ARP (anglais) Le protocole de résolution d'adresses (Address Resolution Protocol) est un protocole de bas niveau utilisé dans les réseaux informatiques pour déterminer l'adresse de la couche de liaison à partir d'une adresse de couche réseau connue.
L'essence de cette attaque est la suivante. L'attaquant envoie de faux paquets ARP pour convaincre l'ordinateur de la victime que l'ordinateur qui écoute est la destination finale. Ensuite, les paquets de l'ordinateur de la victime sont interceptés et transmis au destinataire réel, l'adresse MAC DE l'expéditeur est remplacée pour que les paquets de réponse passent également par l'ordinateur d'écoute. L'ordinateur d'écoute devient une "passerelle "pour le trafic de la victime, et les assaillants ont la possibilité d'écouter le trafic en effectuant une attaque"homme au milieu".
Il est à noter que lorsque vous essayez d'écouter le trafic de plusieurs ordinateurs qui communiquent activement et que, par conséquent, le dépassement des tables APR peut entraîner une surcharge et, par conséquent, une chute du réseau. Ceci, entre autres, est lourd de détecter l'attaque.
Il est également à noter que cette attaque ne peut être mise en œuvre que si vous avez accès au réseau local. Autrement dit, un attaquant qui se trouve à l'extérieur du réseau local ne peut pas effectuer ARP Spoofing. Pour mettre en œuvre cette attaque, il devra d'abord prendre le contrôle de l'une des machines situées sur le réseau local de l'entreprise, puis à partir de cette machine pour empoisonner le cache ARP. D'accord, pas le moyen le plus simple de mettre en œuvre l'attaque.
Faisons un petit travail pratique sur la mise en œuvre de l'usurpation ARP.
Alors, quelles sont les données brutes que nous aurons.
Plusieurs ordinateurs sont connectés au commutateur.

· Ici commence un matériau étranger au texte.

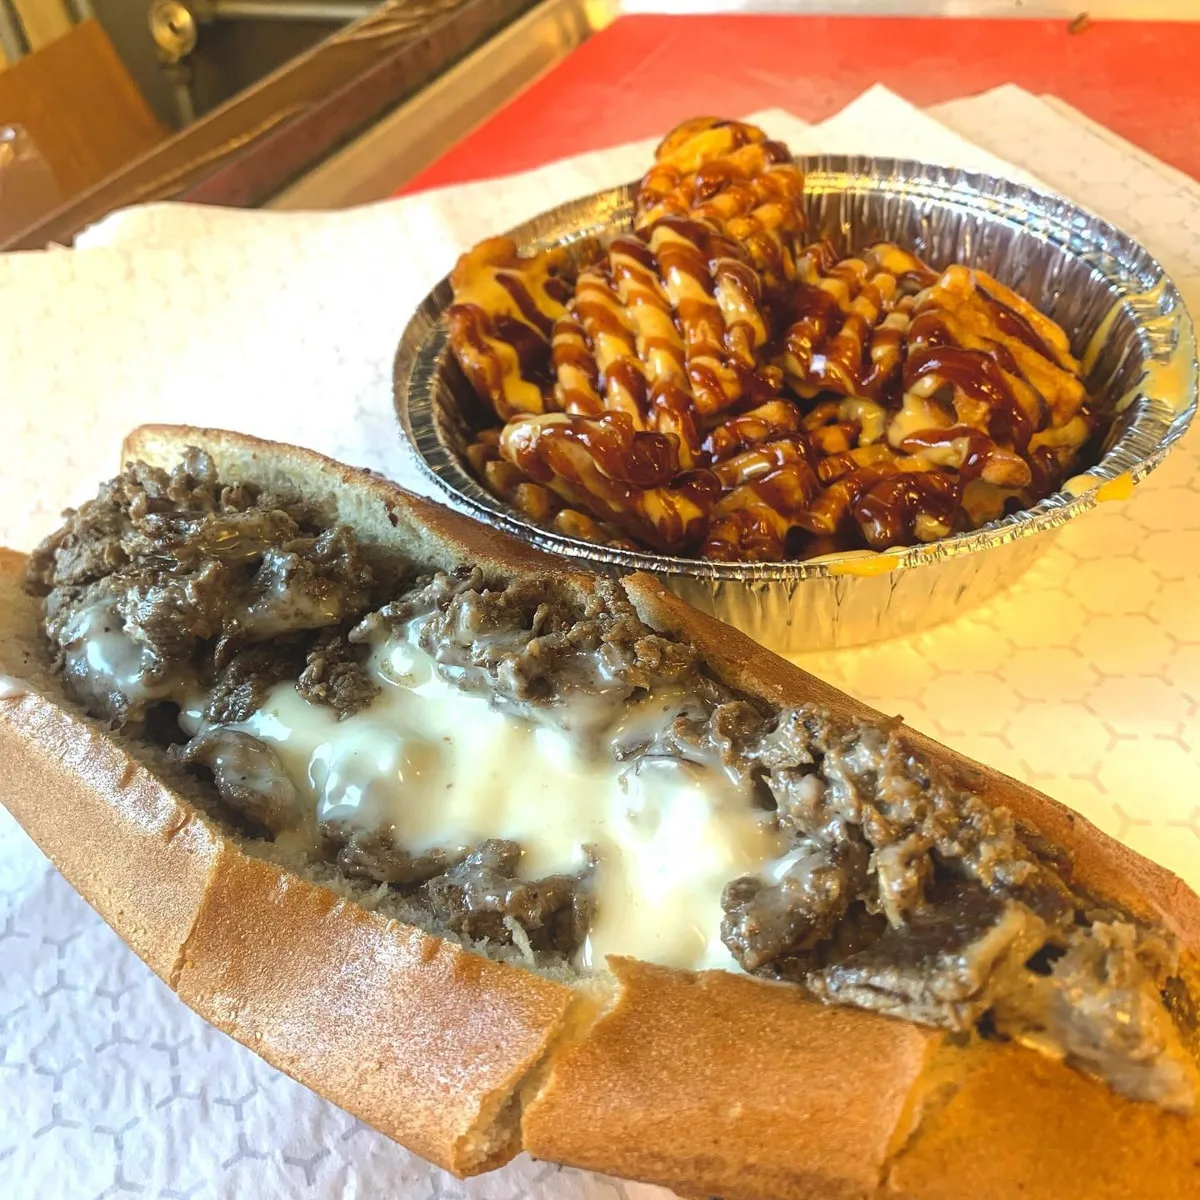 Philly Cheesesteak and fries from Alley Kat Food Truck Johnson City tn

On doit intercepter le trafic qui circule entre ces machines. Si on utilise l'utilitaire tcpdump décrit précédemment, on ne peut voir que les paquets venant de ou vers notre machine. D'accord, pas très instructif. Afin d'écouter le trafic vers d'autres hôtes, nous devons produire un «empoisonnement» du cache ARP. Pour régler ce problème, on va avoir besoin de snifers spéciaux.
Dans notre exemple, nous utiliserons l'utilitaire ettercap cette application a des éditions sous Windows et sous la plateforme *nix.
L'interception peut être effectuée de trois manières. Et si les options MAC et IP STANDARD ne nous intéressent pas particulièrement, alors ARP poisoning based sniffing est exactement la fonctionnalité dont nous avons besoin. Aucun effort n'est nécessaire pour l'appliquer : toute la configuration consiste à spécifier les machines à écouter dans destination et source.
En tant qu'intermédiaire, vous pouvez non seulement intercepter les paquets réseau, mais aussi, en utilisant les outils d'Ettercap, les supprimer ou même les modifier. Séparément, il convient de noter la fonction d'interception des mots de passe qui passent par les protocoles SSH1, SSH2 et SSL/HTTPS cryptés. Pour l'utiliser, vous devez exécuter un programme avec des filtres spéciaux (par exemple, pour ssh: ettercap-F etter.filter.ssh).
Maintenant, en fait, la pratique. Pour écouter le trafic que les machines 192.168.1.2 et 192.168.1.254 échangent, exécutez la commande suivante:
root@kali : # ettercap -T -M arp -L log /192.168.1.2/ /192.168.1.254/
Les options signifient :
- Utiliser l'interface texte (console) ;
- M arp-utiliser le module ARP-Spoofing pour effectuer une attaque;
- L log-écrire le journal d'interception dans des fichiers nommés log.*.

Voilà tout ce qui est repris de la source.